Neve Gordon, an Israeli professor at Queen Mary University, and Nicola Pergugini, a researcher on the politics of international law, describe the evolution of “hospital shields” in their book, Human Shields: A history of People in the Line of Fire. Gordon and Pergugini write that attackers will claim that the enemies have blurred the lines between military and civilian institutions by locating military activities near hospitals. Attackers then use this as a justification to “legally” bomb medical facilities as long as they provide a warning and “do not breach the principles of proportionality and military necessity. 

This justification was used in the 2014 Gaza war, in which Israel damaged 17 hospitals, 56 primary care facilities, and 45 ambulances, justifying their destruction by accusing Hamas of hiding militants and weapons within hospitals. Israel continues to use this rationale today. If this sounds eerily familiar, it is because the same rationale was used a few days ago on November 3rd when an attack was carried out on an ambulance in Gaza City which Israel accused of being used as “a Hamas terrorist cell”. A similar reasoning was also used by Saudi Arabia in Yemen in 2019 where hospitals and other civilian infrastructures were targeted by airstrikes. 
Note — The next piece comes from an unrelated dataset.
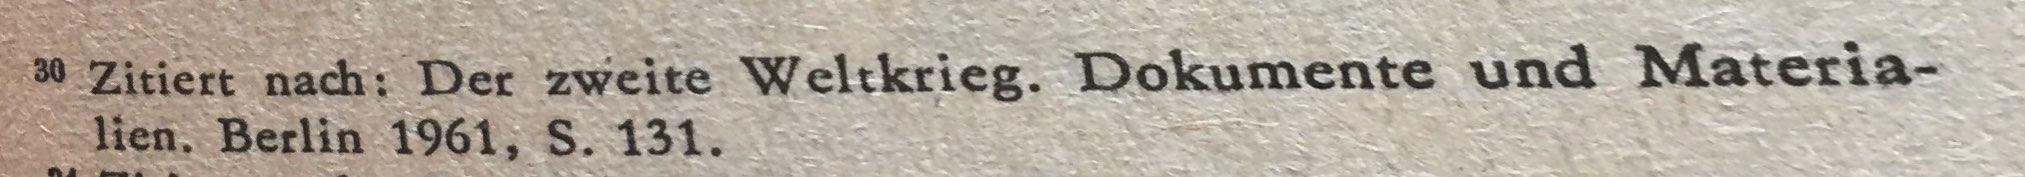 Quellenangabe Anweisung von Himmler

These loopholes have made it difficult to prosecute the destruction of medical facilities under international law. Since there are few mechanisms to hold warring parties accountable, hospitals have been increasingly coming under fire. The consequence has been continuous catastrophic blows to patients and staff members in hospitals. Furthermore, under its current form, international human rights law has been ineffective at preventing the targeting of hospitals and medical facilities during wars. 


The impact of these loopholes goes beyond physical destruction. For example, a 2009 study conducted during the Gaza War found that hospital personnel had much higher rates of stress and depression due to increased exposure to rocket attacks, pressure, and workload. Personnel also continued to experience post-traumatic stress symptoms following the attack. 

Attacks on medical facilities across the world have, and will continue to have, devastating impacts on civilians seeking care. In Ukraine, 10 to 15 percent of medical facilities have been destroyed by Russian forces since 2022. In Sudan, 70 percent of medical facilities have been destroyed. With such a substantial amount of medical infrastructure destroyed, patients are unable to receive the care that they need. To recover from devastation, it will take significant time, finances, and organization to recover. In this sense, wartime destruction of medical facilities can have lasting effects on a country even after the end of the conflict. 

In today’s conflict between Israel and Hamas, there has been continued evidence that Israel is willing to target hospitals and their surrounding areas. Already, there have been over 115 attacks on healthcare facilities since the conflict began on October 7. In mid-October, Israel ordered the evacuation of 20 hospitals in Gaza to prepare for a ground invasion, an ominous sign of potential destruction to come. And on November 3, an airstrike near the entrance of the Al Shifa hospital killed several people. History shows us the devastating impacts that attacking medical facilities can have on civilians and personnel. In order to protect civilians and medical infrastructure in a time embroiled in conflict, reforms to international human rights law to ensure the security of medical facilities are more important now than ever.